While playing around with some neural networks (NN) I found out this
using Flux
using Random
using Zygote
using ForwardDiff
Random.seed!(9120)
n = 1
m = 5
hidden = 10
x, y = rand(m), rand(n) # some data
model = Flux.Chain(Flux.Dense(m, hidden), Flux.Dense(hidden, n))
# Gradient with ForwardDiff
g = z -> ForwardDiff.gradient(w -> model(w)[1], z)
# Getting the weights of the model as an array
ps, re = Flux.destructure(model)
display(g(x)) # Checking with original data
display(g(ps[1:m])) # Checking with weights
# Gradient with Zygote
gs = Zygote.gradient(w -> model(w)[1], rand(m)) # Notice a different random vector
display(gs)
gs = Zygote.gradient(w -> model(w)[1], zeros(m)) # Now with zeros
display(gs)
Now, the result is always the same
5-element Array{Float64,1}:
-0.7097914769304869
-0.14294694831147323
-0.04312831631528913
0.2866390831645096
-0.4046597463981584
5-element Array{Float32,1}:
-0.7097915
-0.14294694
-0.043128345
0.2866391
-0.40465972
(Float32[-0.7097915, -0.14294693, -0.04312831, 0.28663906, -0.40465975],)

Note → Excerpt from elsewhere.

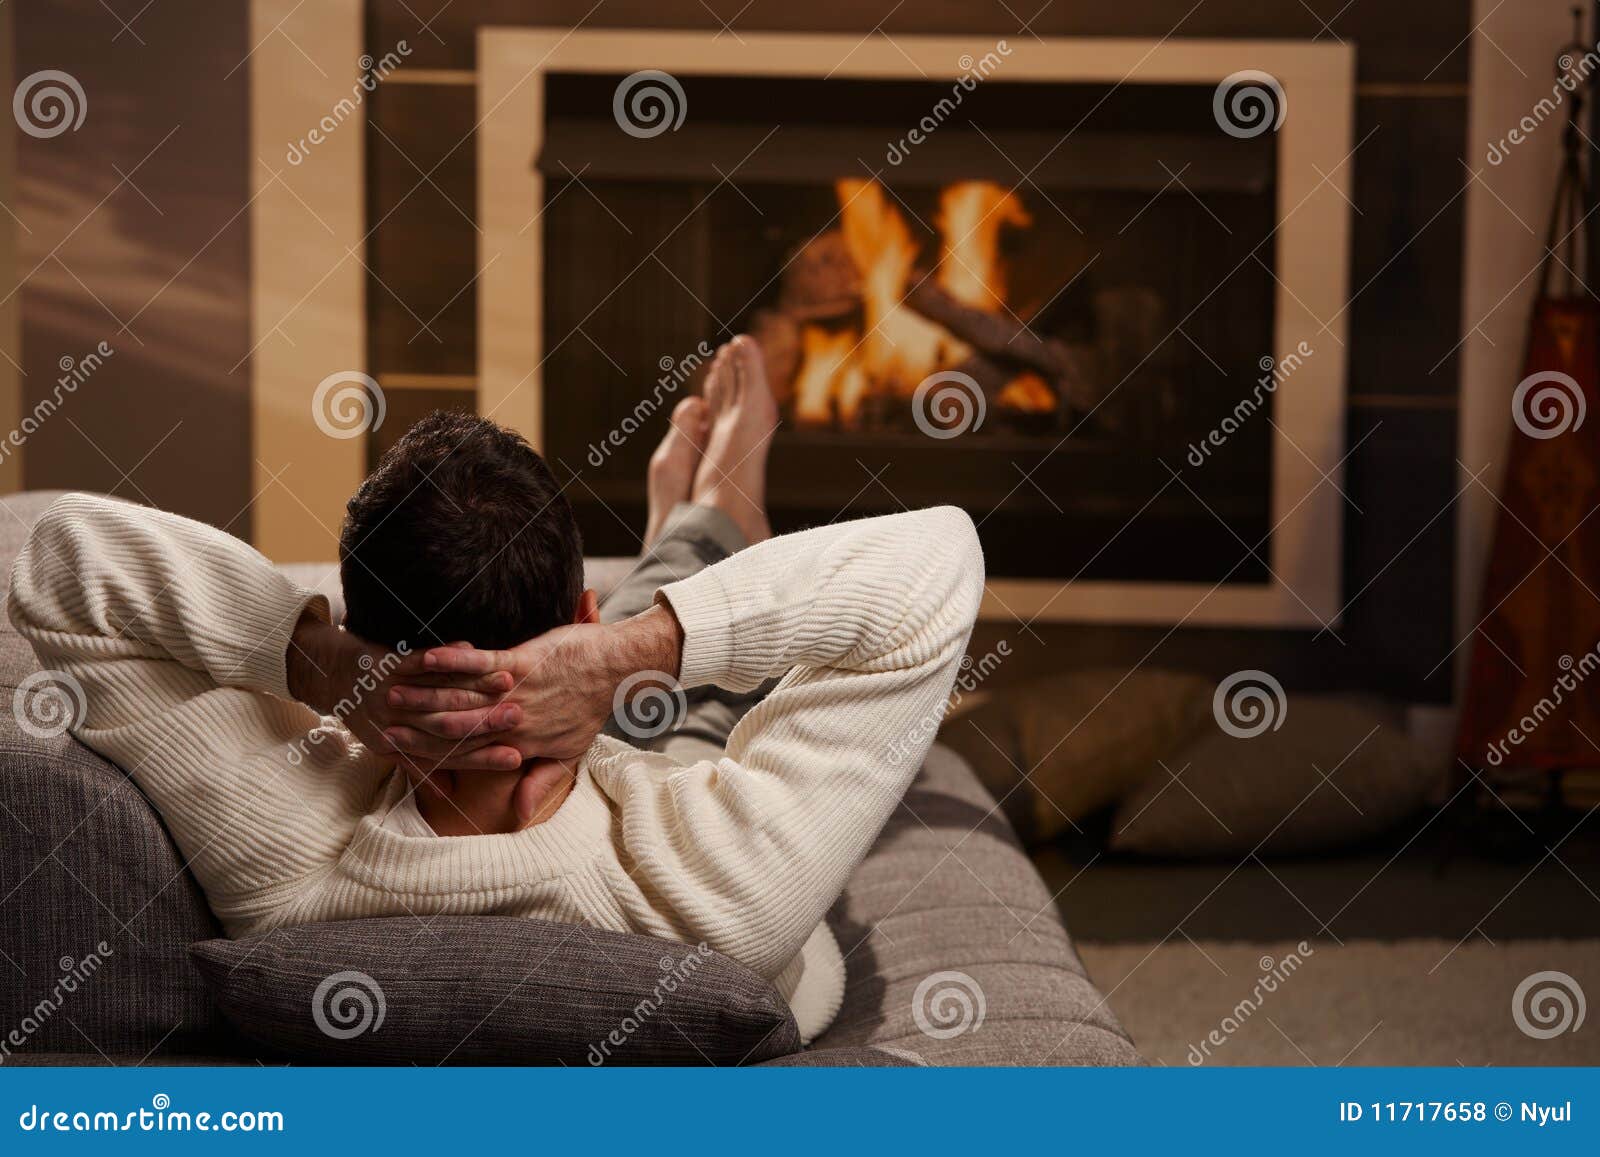 Expresa tu momento " in situ " con una imagen - Página 6 Man-sitting-fireplace-11717658

(Float32[-0.7097915, -0.14294693, -0.04312831, 0.28663906, -0.40465975],)
Is there a reason why this is the case? I should be inclined to believe that this is because
the input is not being evaluated at all.
Does this mean that the gradient taken is with respect to the weights of the model?